Oferta Relâmpago: Assine por apenas 7,99

Azul (AZUL4) dispara 38% após balanço e acordo com arrendadores; GOLL4 segue e salta 24%

Renegociação da dívida da companhia e expectativa de alta demanda em 2023 beneficia ações das aéreas. Já VALE3 e cia caem com esfriamento da China.

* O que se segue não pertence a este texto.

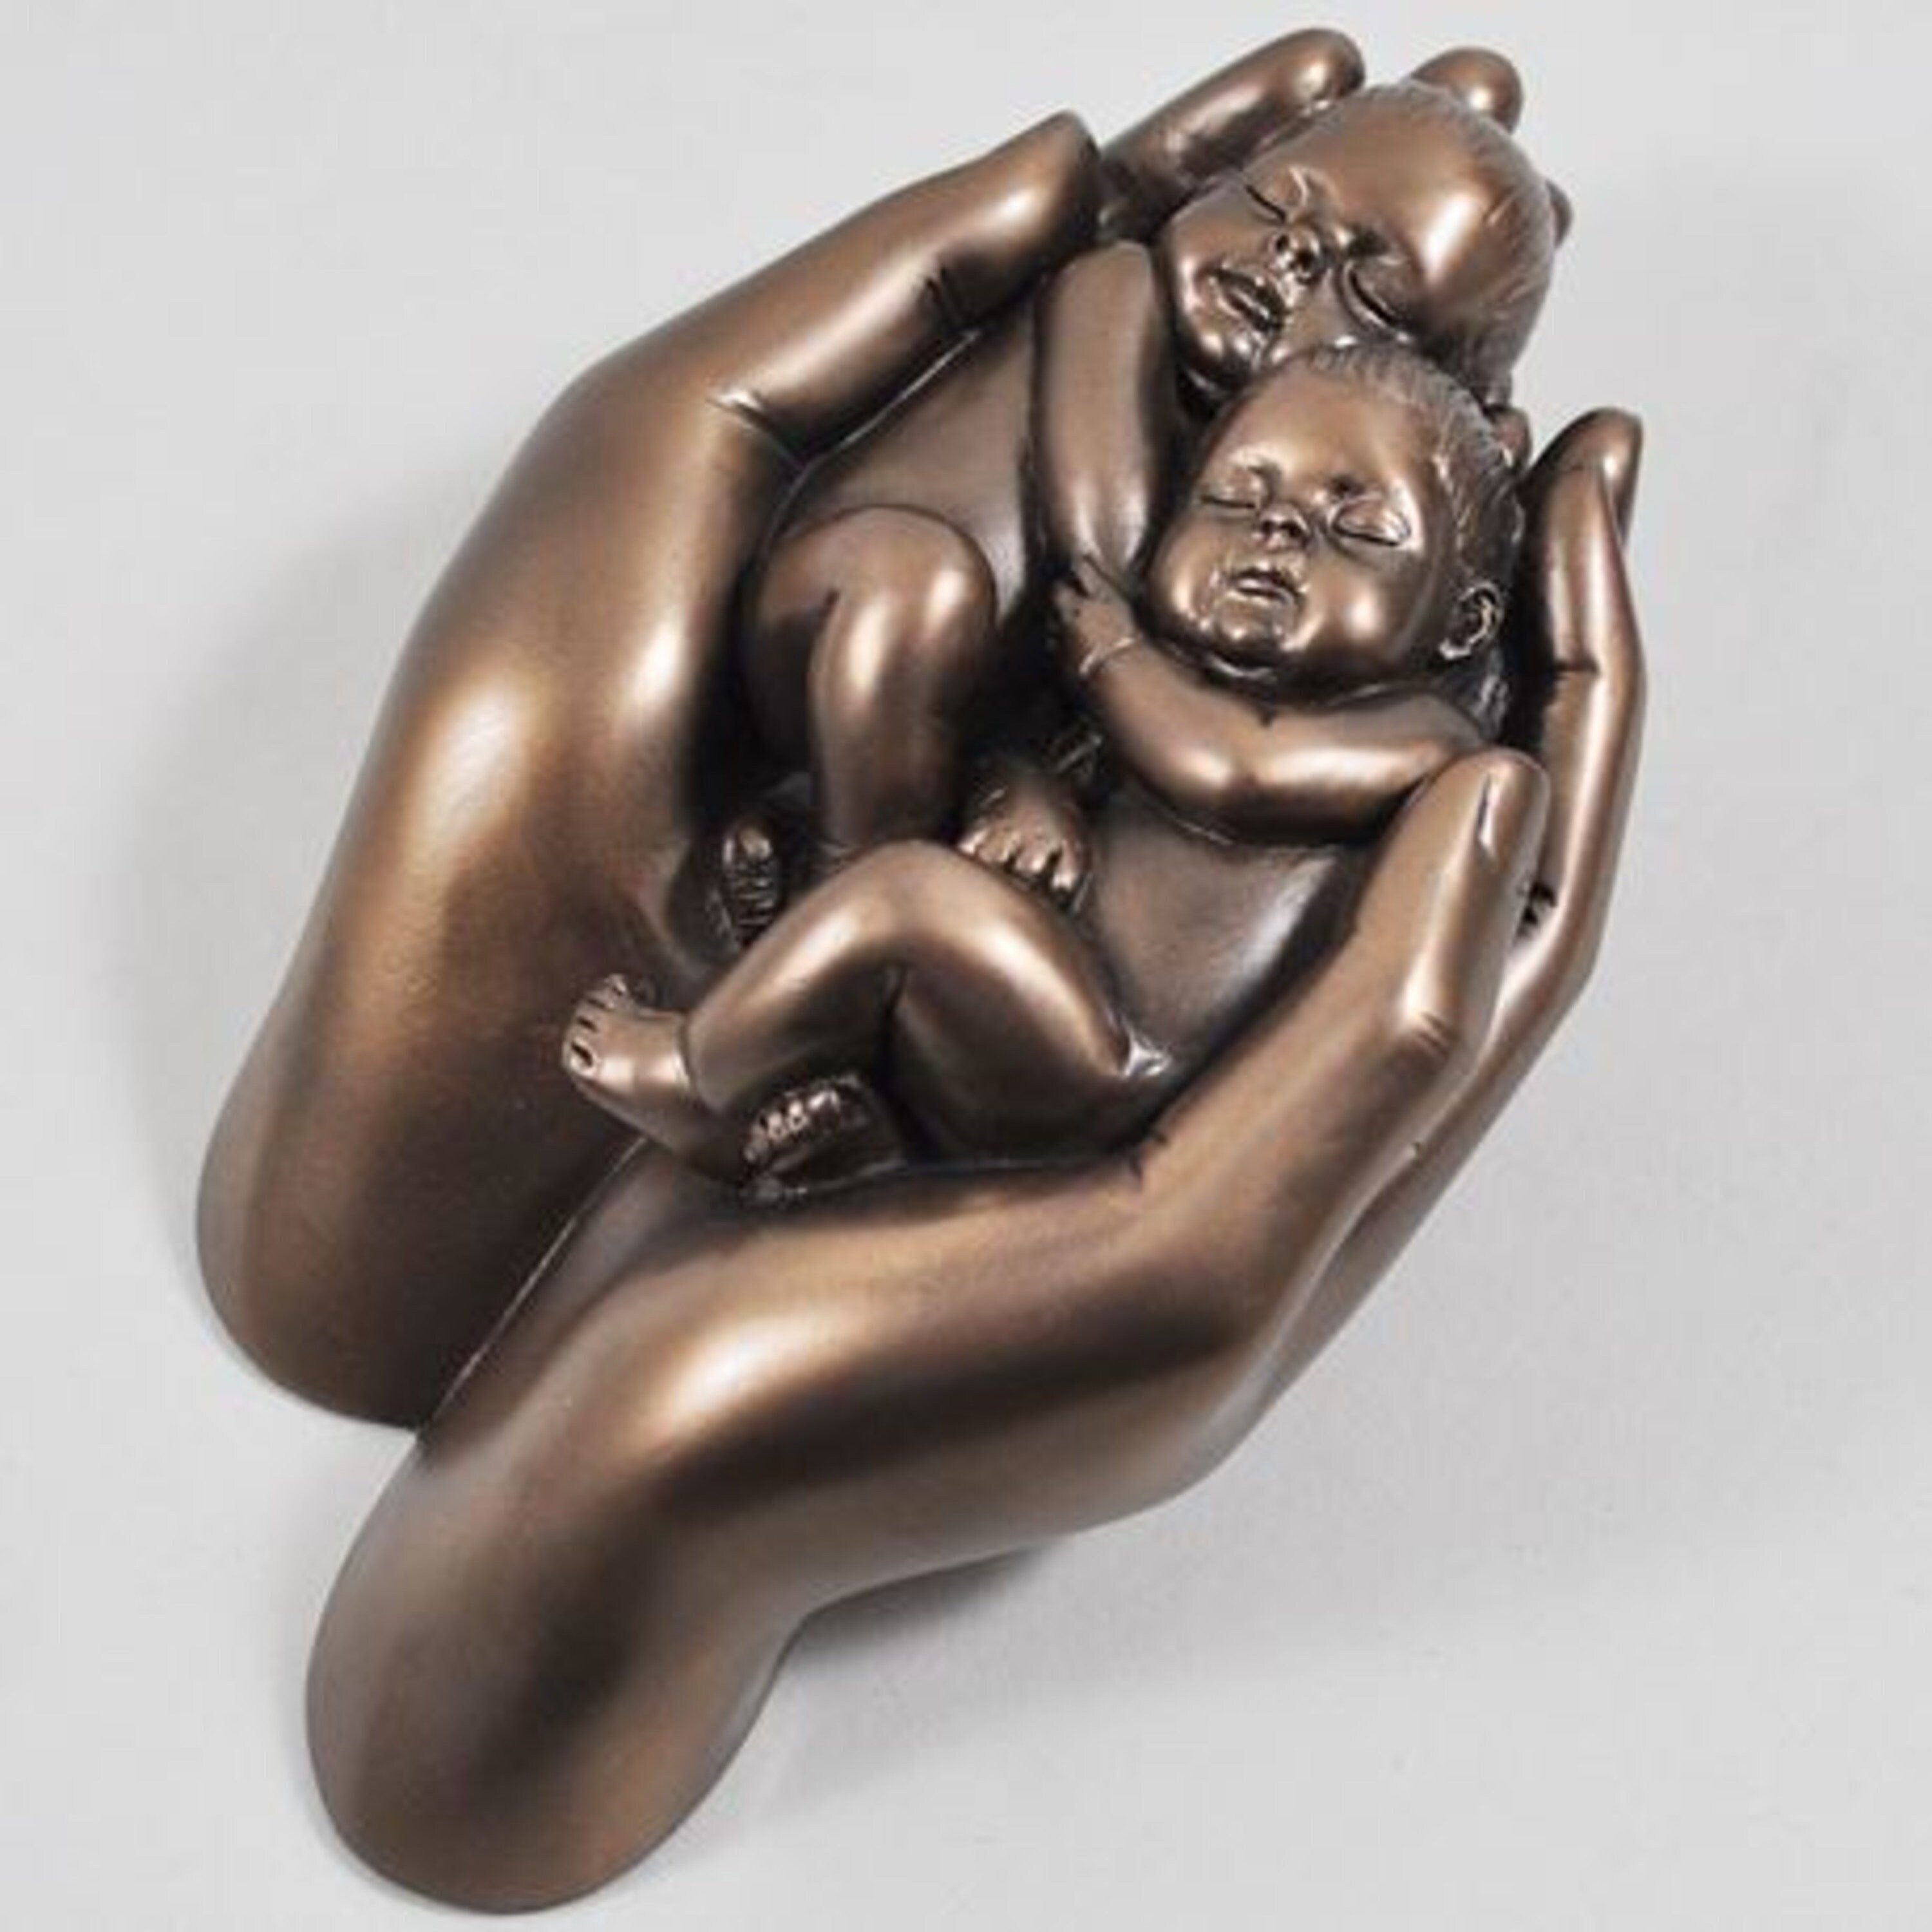 Babies in Hand Cold Cast Bronze Sculpture by Love is Blue

Por Bruno Carbinatto 6 mar 2023, 19h35 | Atualizado em 6 mar 2023, 19h43
-
 (Caroline Aranha/Fotos: Getty Images/VOCÊ S/A)
Continua após publicidade

Foi um voo e tanto. As ações da Azul (AZUL4) decolaram incríveis 38% nesta segunda-feira, levando no bagageiro também a Gol, que saltou impressionantes 24%, e a CVC, +19%. 

Um combo de notícias beneficiou as ações das aéreas e de turismo. A primeira veio ainda ontem, quando a Azul anunciou que firmou acordo de renegociação de dívidas com arrendadores que, juntos, representam mais de 90% do seu passivo de arrendamento.

A novidade veio como uma brisa de ar fresco para a empresa, que já vinha estudando há algum tempo maneiras de lidar com suas dívidas acumuladas referentes ao aluguel de aeronaves. O alto endividamento é um dos fatores que o mercado vinha mantendo no radar quanto ao setor das aéreas.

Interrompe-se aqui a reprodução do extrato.